Domain is not always a clear binary label. Scans of a particular MR modality (e.g. T1-weighted) may come from the same scanner in the same hospital but may use different acquisition parameters. Variability can be so large that each image can almost be considered its own domain.

When evaluating domain adaptation methods for segmentation, there is often a training set, a validation set and a test set for both source and target domains. Methods are judged on their ability to generalise from seen data in the source domain to unseen data in the target domain. In this work we argue for a different evaluation criterion, namely how well a model performs on the data it adapts to. We call this “test-time unsupervised domain adaptation”. When this test-time adaptation is performed on an individual subject we call it “one-shot unsupervised domain adaptation”. We present a domain adaptation method which leverages a combination of adversarial learning and consistency under augmentation to work in this one-shot case. We apply this methodology on multiple sclerosis lesion segmentation but it is designed to be applicable to other tasks in medical imaging.

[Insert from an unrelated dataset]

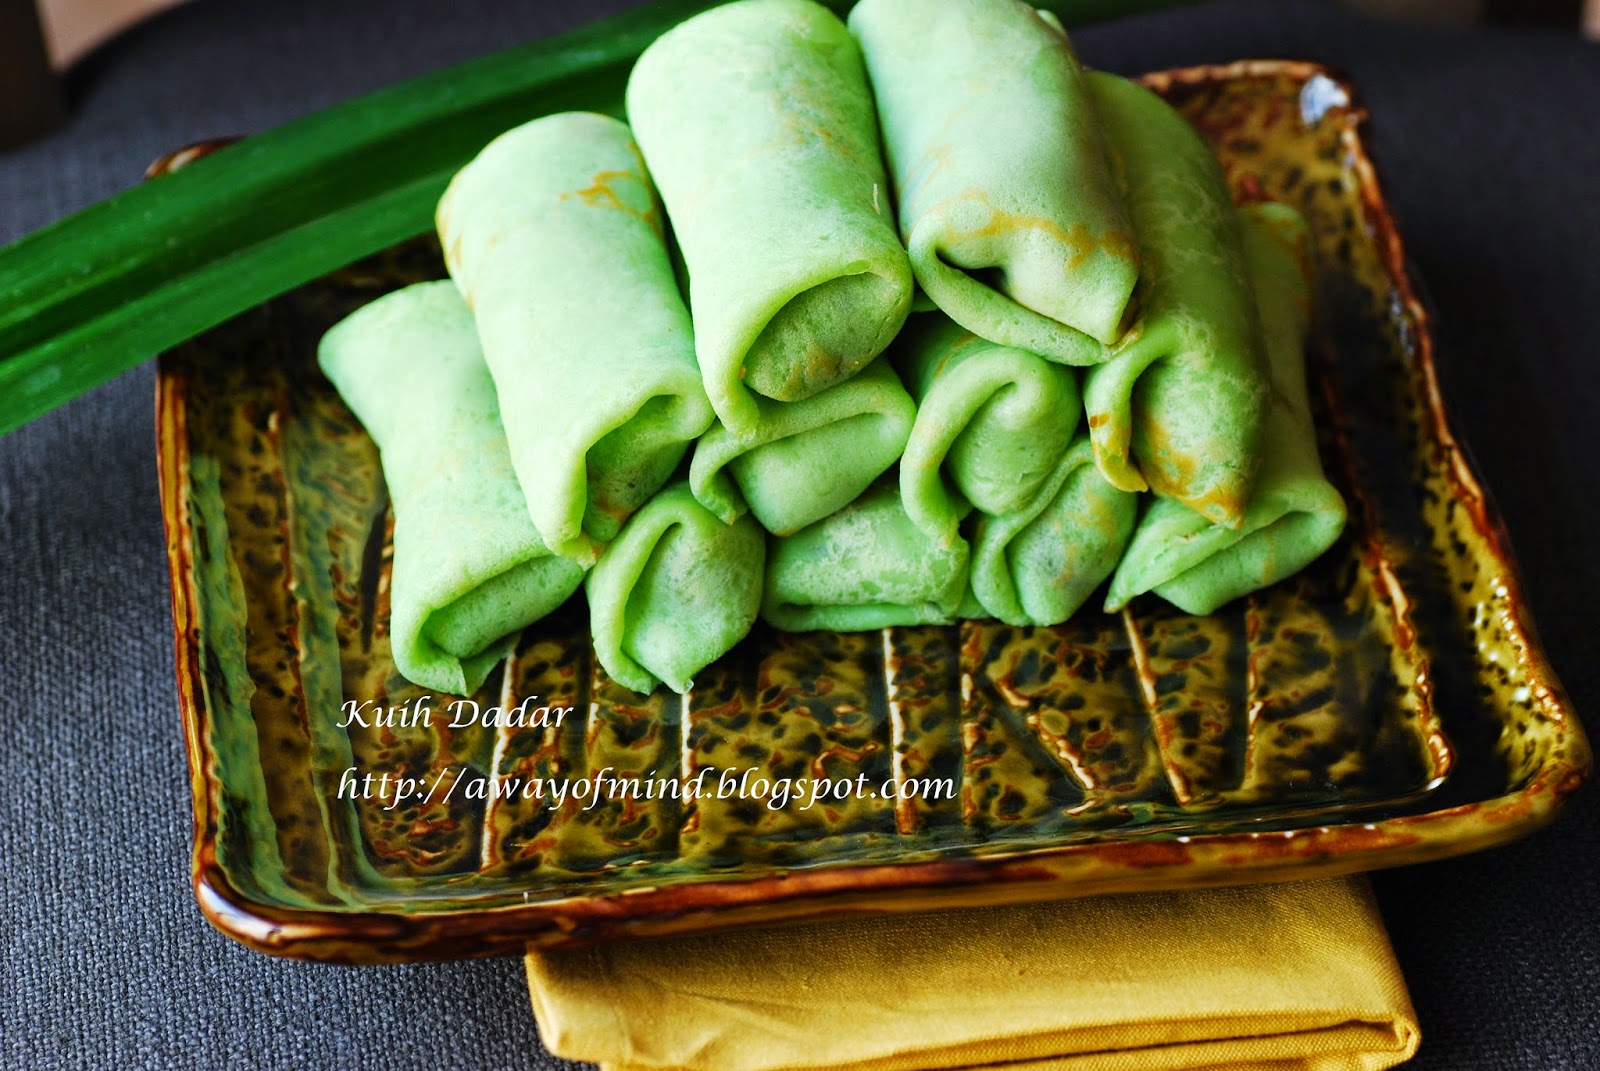 Awayofmind Bakery House: Kuih Dadar / Kuih Ketayap (Sweet

Related Work: Our work considers the use of existing unsupervised domain adaptation methods when only a single unlabelled sample from the target domain is available. In this work we use the same data, pre-processing and segmentation task as in [18], where the authors tackle one-shot supervised domain adaptation, adapting to a target domain using a single labelled subject.

It is worth mentioning the framework proposed by Zhao et al. [19] and highlighting the difference to this work. The authors consider the variability between single-modality brain MRIs to be quantifiable by an additive intensity transform and a spatial transform to a brain atlas. They use this technique to create an entire labelled dataset from a single brain with an associated anatomical parcellation (hence the term “one-shot”). While the intensity transform tackles the variation in acquisition parameters, the spatial transform covers variations in anatomy. Although this and follow-up work produce realistic training data in the context of brain parcellation, such scheme cannot be trivially extended to application to pathologies in which the variability in presentation, location and extent is far greater. This is especially true in lesion segmentation, where a lesion prior cannot be produced from a non-linear deformations of an atlas.

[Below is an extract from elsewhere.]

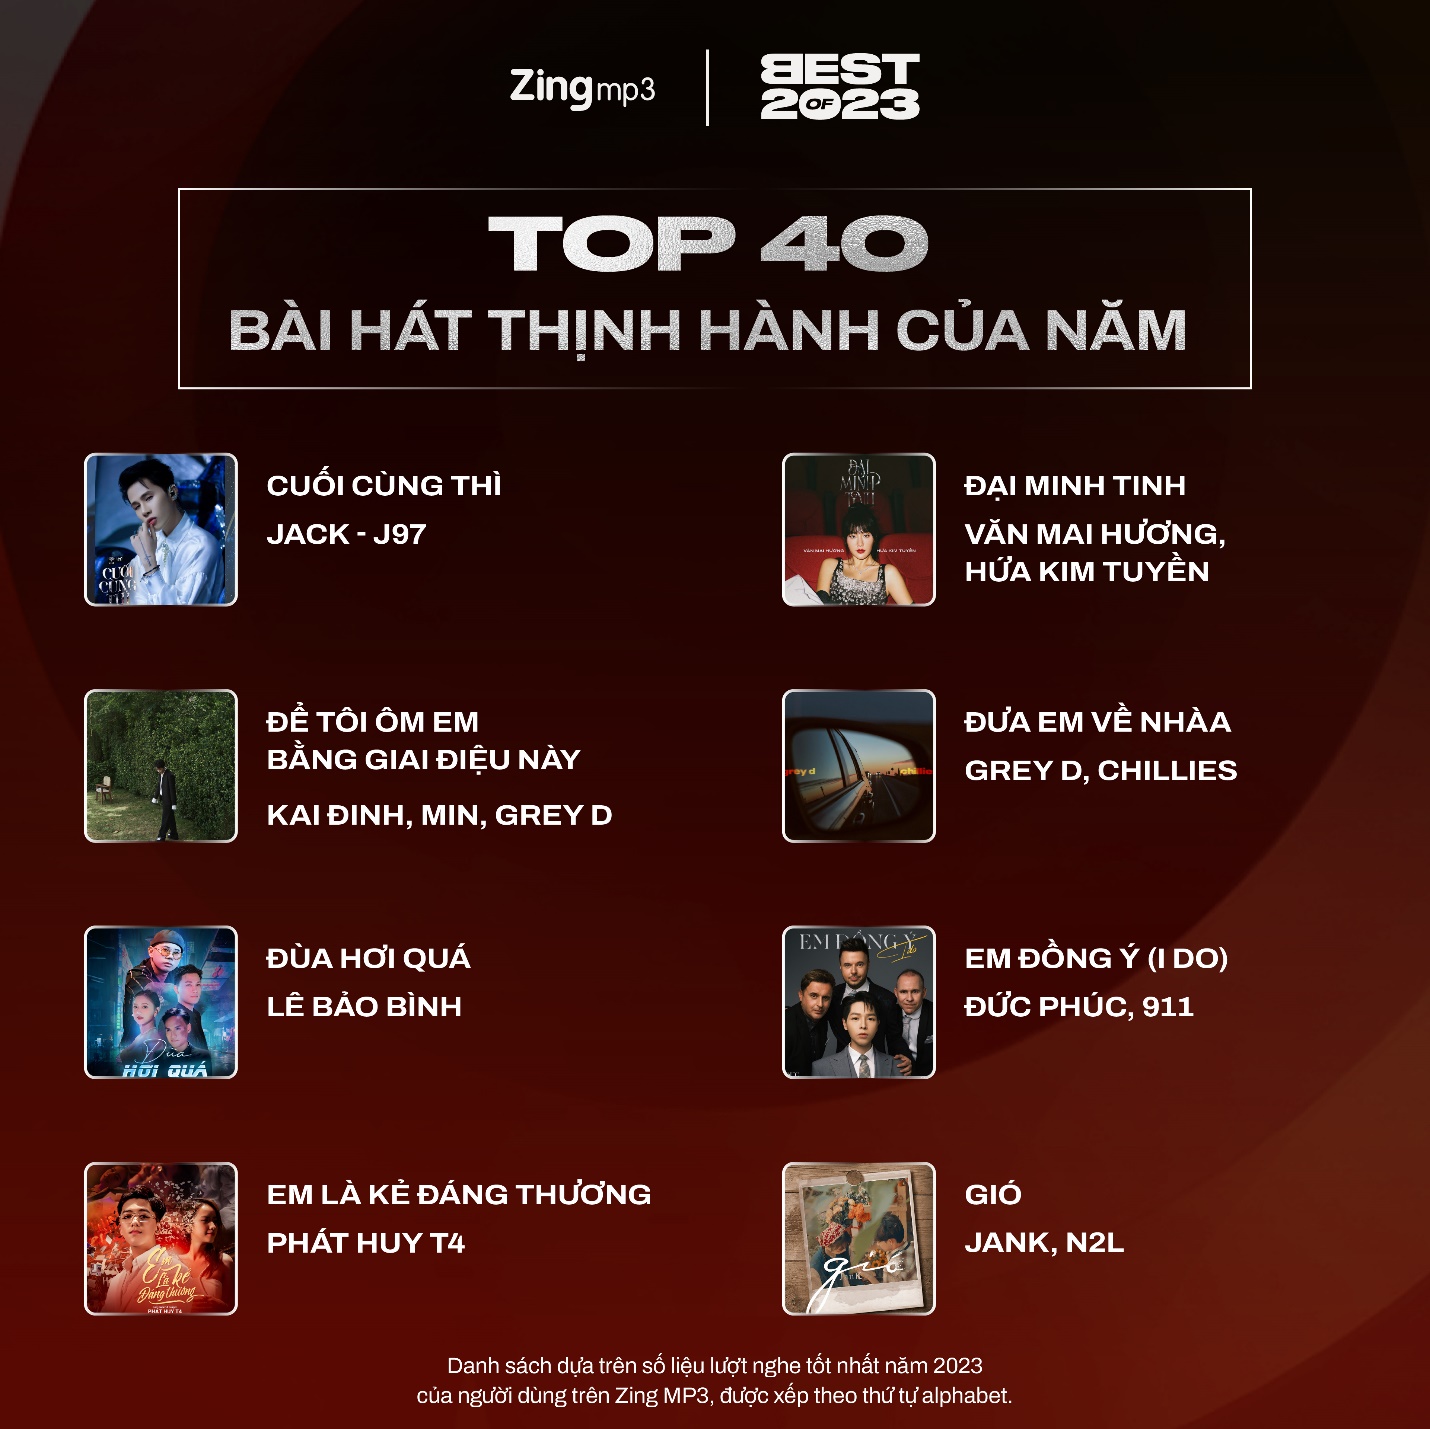 Top 40 nghệ sĩ và bài hát thịnh hành nhất Vpop năm 2023: Tăng Duy Tân lập cú đúp - Ảnh 8.

Neural style-transfer methods were recently applied for unsupervised domain adaptation of cardiac MRI in [11]. The style of the target domain is matched to that of a single subject in the source domain by simultaneously minimising a style loss \(l_{style}(\hat{y}, y)\) and a content loss \(l_{content}(\hat{y}, x)\) where \(\hat{y}\) is the generated style-transferred image, x is the image from the target domain and y is the image from the source domain. This method relies on finding an image in the source domain which most closely resembles the target image based on a Wasserstein distance metric. This method is similar to ours in that adaptation is performed on each individual test subject as its own optimisation problem.

Recent advances in self-supervised learning have led to large improvements in semi-supervised learning. Methods such as [2] use self-supervised tasks such as solving jigsaw puzzles to perform domain adaptation. Promoting invariance in networks outputs under data augmentation is another self-supervised task which was shown to work well for domain adaptation in [4] and which we refer to as Mean Teacher. It was adapted for use in medical image segmentation in [14]. In [13] the authors showed improvements over Mean Teacher using a simpler paired consistency method. They used paired data as a form of “ground-truth augmentation”. When paired data is not available, which is most common in practice, small adjustments to this method can lead to substantial improvements. The method of [13] was chosen to demonstrate the value of test-time UDA, as it reported better results than domain adversarial learning and Mean Teacher on a related task. However, note that our domain adaptation methodology is not bound to a particular method.

2 Domain Adversarial Learning and Paired Consistency

We adapt the method for domain adaptation described in [13] which consists of domain adversarial learning and consistency training. In domain adversarial training we seek to find a feature representation \(\phi _{\theta }(x)\) which contains as little information about d - the domain of x - as possible and the most information about the label y. We do so by including a domain discriminator \(D_{\gamma }(x)\) which predicts a domain \(\hat{d}\) and is trained by minimising the binary cross-entropy between this prediction and the ground-truth domain d, \(\mathcal {L}_{adv} = l_{bce}(D_{\gamma }(\phi _{\theta }(x)), d)\). We use the gradient reversal layer from [5] to guarantee that the network weights \(\theta \) change in the direction which minimises the supervised loss \(\mathcal {L}_{sup}\) and maximises the adversarial loss \(\mathcal {L}_{adv}\) where \(\mathcal {L}_{sup} = l(\mathcal {M}(x), y_s)\) (we use the dice loss for l).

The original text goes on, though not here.